Sam shrugged. ‘I wouldn’t know. I haven’t been.’ In the act of turning away he had another thought. He smiled and added maliciously, ‘Oh, and you’ll need an escort who owns a dinner jacket. What odds will the boys put on that, do you think?’
‘The same as on any other pro
ject I run,’ Lisa said calmly. ‘They just look at my track record.’
Her eyes locked with Sam’s. His were the first to fall.
Lisa was not as calm as she appeared, of course. She took the problem straight to Tatiana that night. She went up armed with a notebook and pen and sat at the dining table taking businesslike notes.
‘OK. A dress. Does it have to be long?’
‘Not if it’s a Chanel original,’ pronounced Tatiana. ‘Glyndebourne’s dressy but discreet. All the women will be trying to look as if they’re upper-crust, and lots of them will be.’
Lisa put her pen down, a look of dismay on her face.
‘It sounds like a minefield.’
‘And I’m a style mine-detector,’ said Tatiana with superb assurance. ‘Trust me.’
‘I do. But this happens on Friday. I haven’t got time to go looking for a pair of tights, let alone Cinderella’s gown for the ball,’ said poor Lisa.
‘Then let me do the looking. I know your size now. And I know more shops than you can imagine.’
That terrified Lisa even more. ‘I’m still on a budget,’ she warned Tatiana.
‘Of course. Of course. Now, what about an escort?’
Lisa gave a choke of laughter, and couldn’t stop.
‘You don’t have to find me one of those,’ she said, when she had her breath back. ‘Rob can hire a dinner jacket and come along.’

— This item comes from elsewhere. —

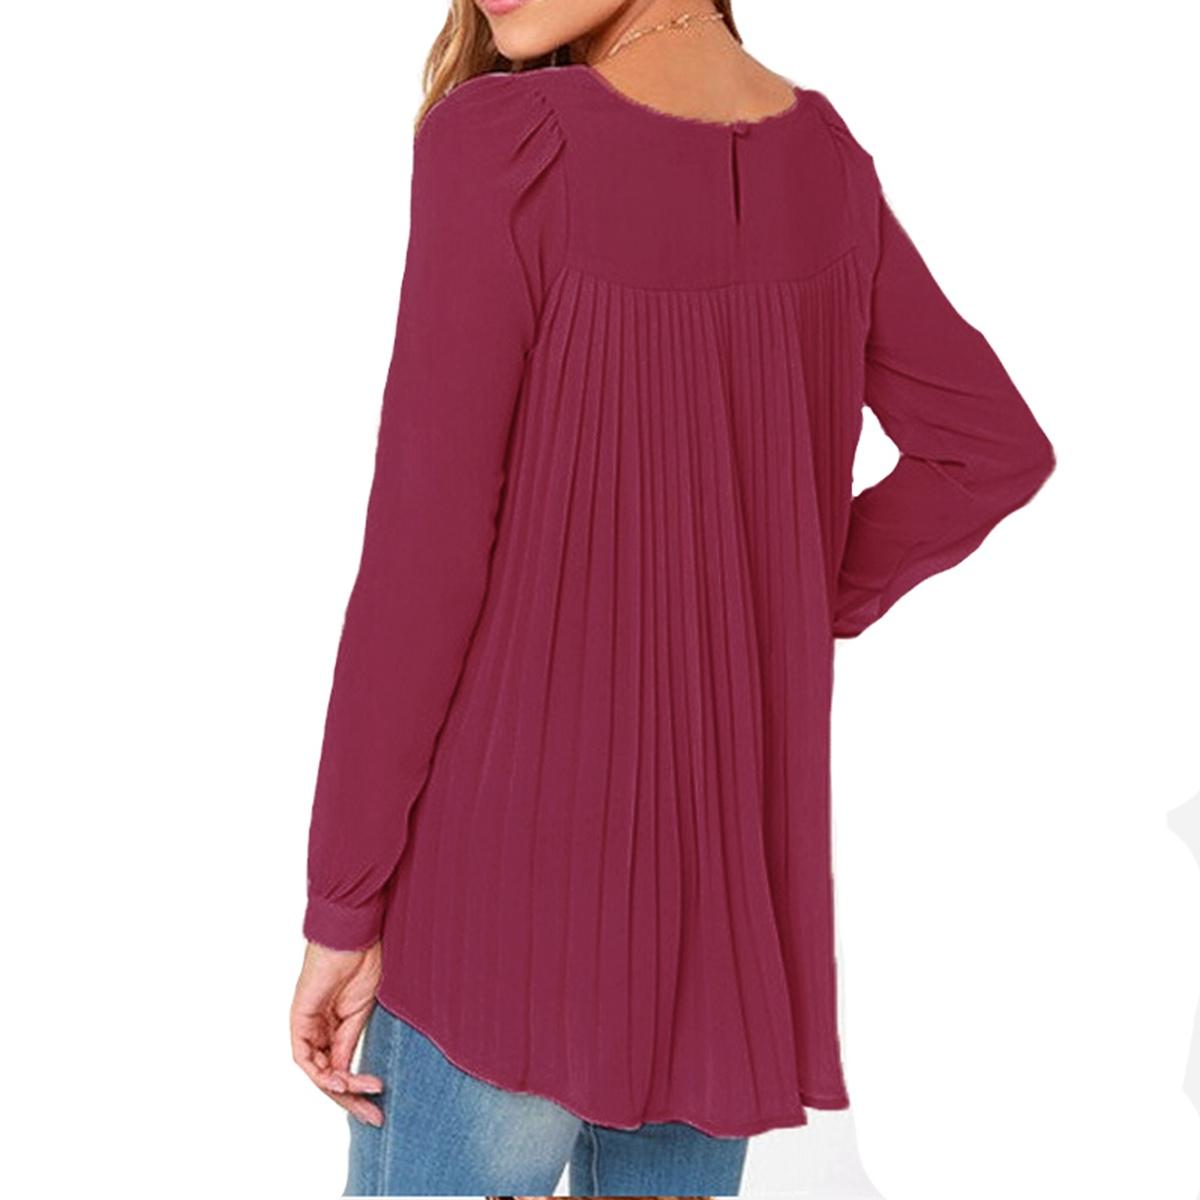 Каталог женских блузок в самаре
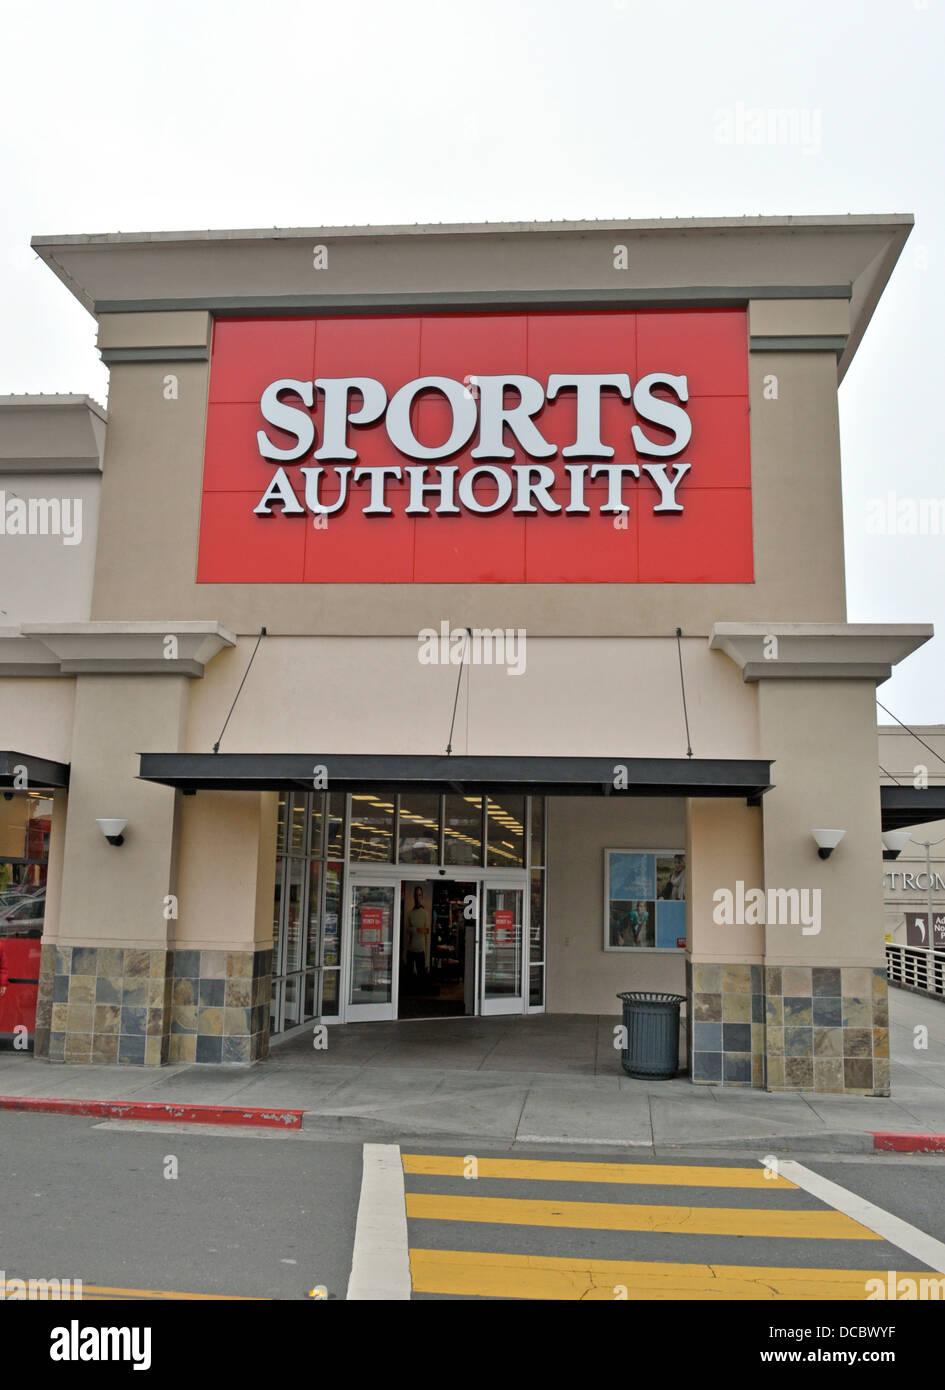 Sports Authority store Photo Stock

Tatiana looked dissatisfied. ‘It’s better to go with someone who’s been before—knows the ropes, that sort of thing. And are you taking a picnic?’
Lisa abruptly lost all desire to laugh. ‘Picnic?’
‘See what I mean? You need an expert,’ said Tatiana. ‘Leave it to me.’
And Lisa did.
It was just as well that Tatiana did, indeed, know what she was doing. All that the Management Committee’s superior secretary provided for Lisa was four tickets and a photocopy of a road map to Brighton.
‘Sir Philip usually gets a picnic from Top Food,’ she announced. ‘When he found he couldn’t go after all he told me to cancel it. Of course we’ll reimburse you for anything you spend. Just bring in the receipts.’
‘Great,’ said Lisa, who had just written a hefty cheque to Mr Feldstein. ‘Oh, well, I can put it on my credit card and sort it out later, I suppose.’